Find the line containing "Contruction - Google" in the material below, then please transcribe it and each line after it exactly, without the pictures.
*** SOURCE MATERIAL ***
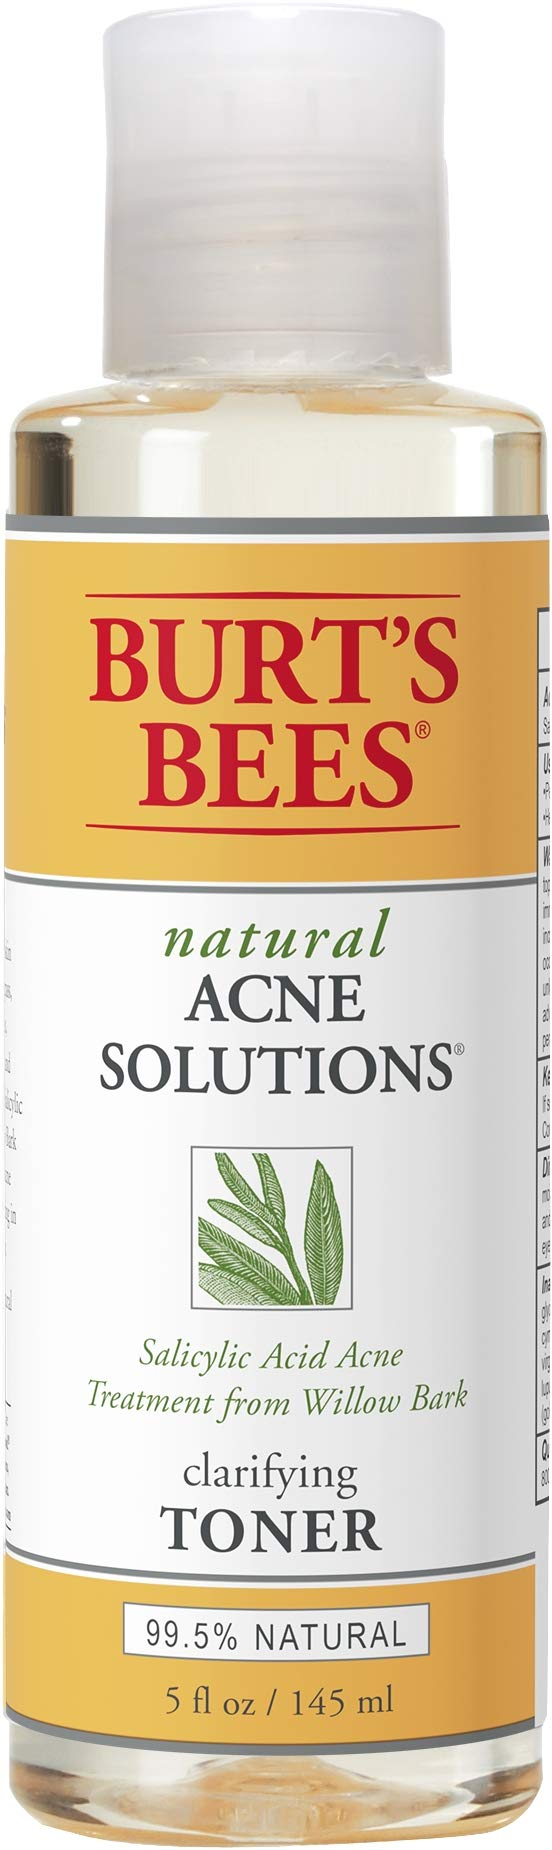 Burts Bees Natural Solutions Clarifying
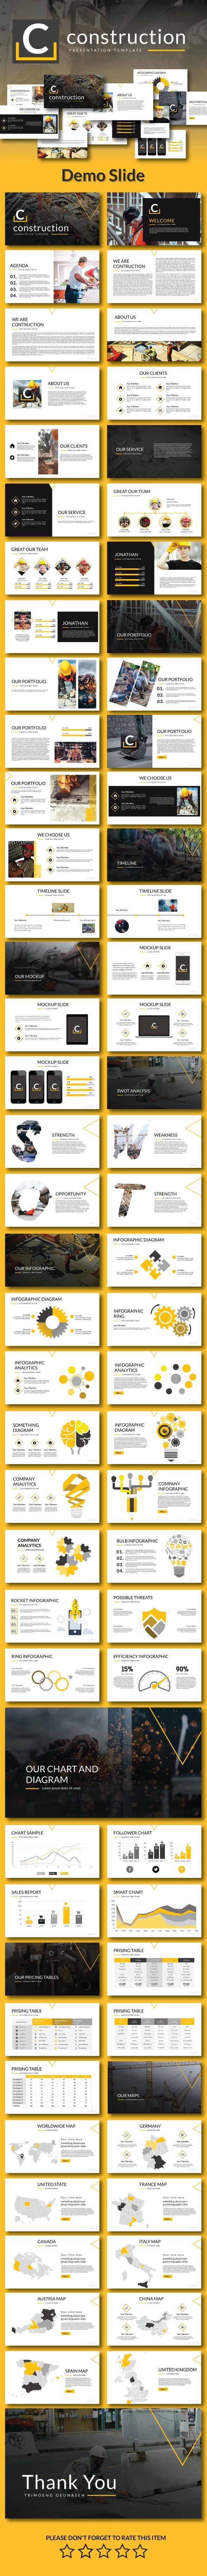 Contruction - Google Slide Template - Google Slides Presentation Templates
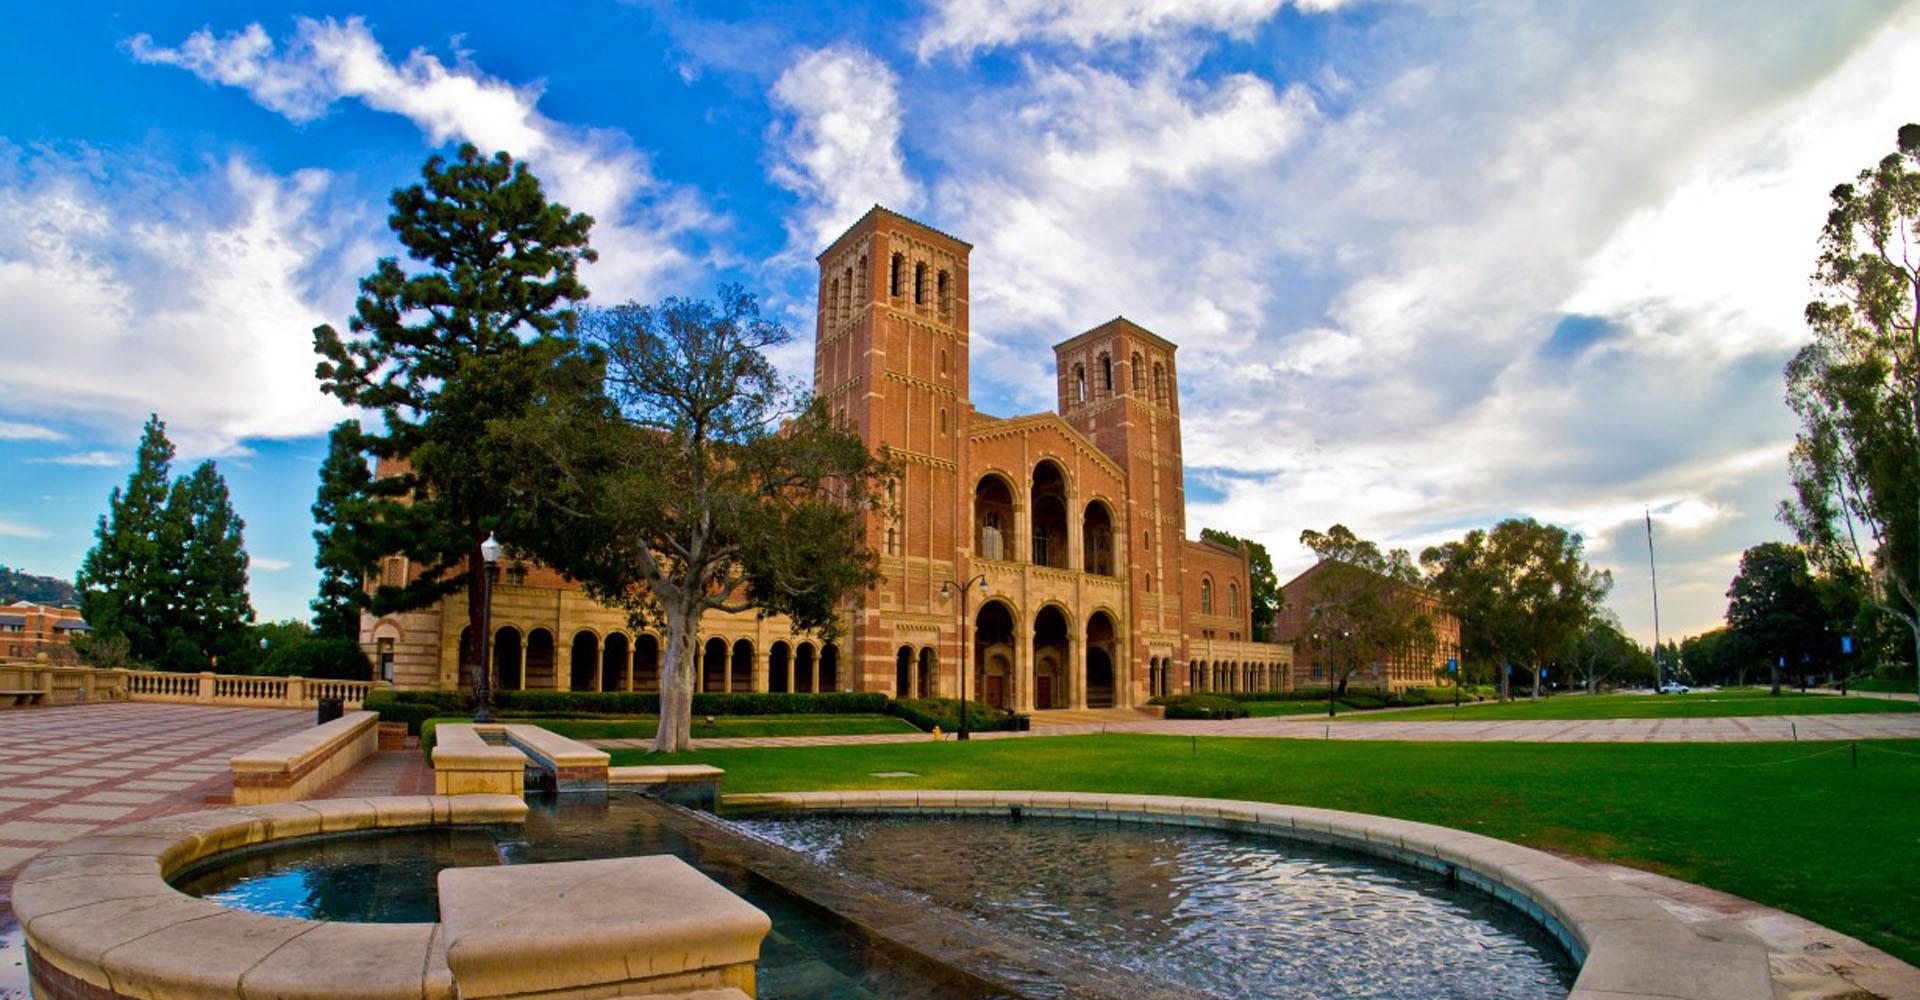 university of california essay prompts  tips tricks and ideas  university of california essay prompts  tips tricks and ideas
*** End of SOURCE MATERIAL ***
#### [RESPONSE]
 Contruction - Google Slide Template - Google Slides Presentation Templates
 university of california essay prompts  tips tricks and ideas  university of california essay prompts  tips tricks and ideas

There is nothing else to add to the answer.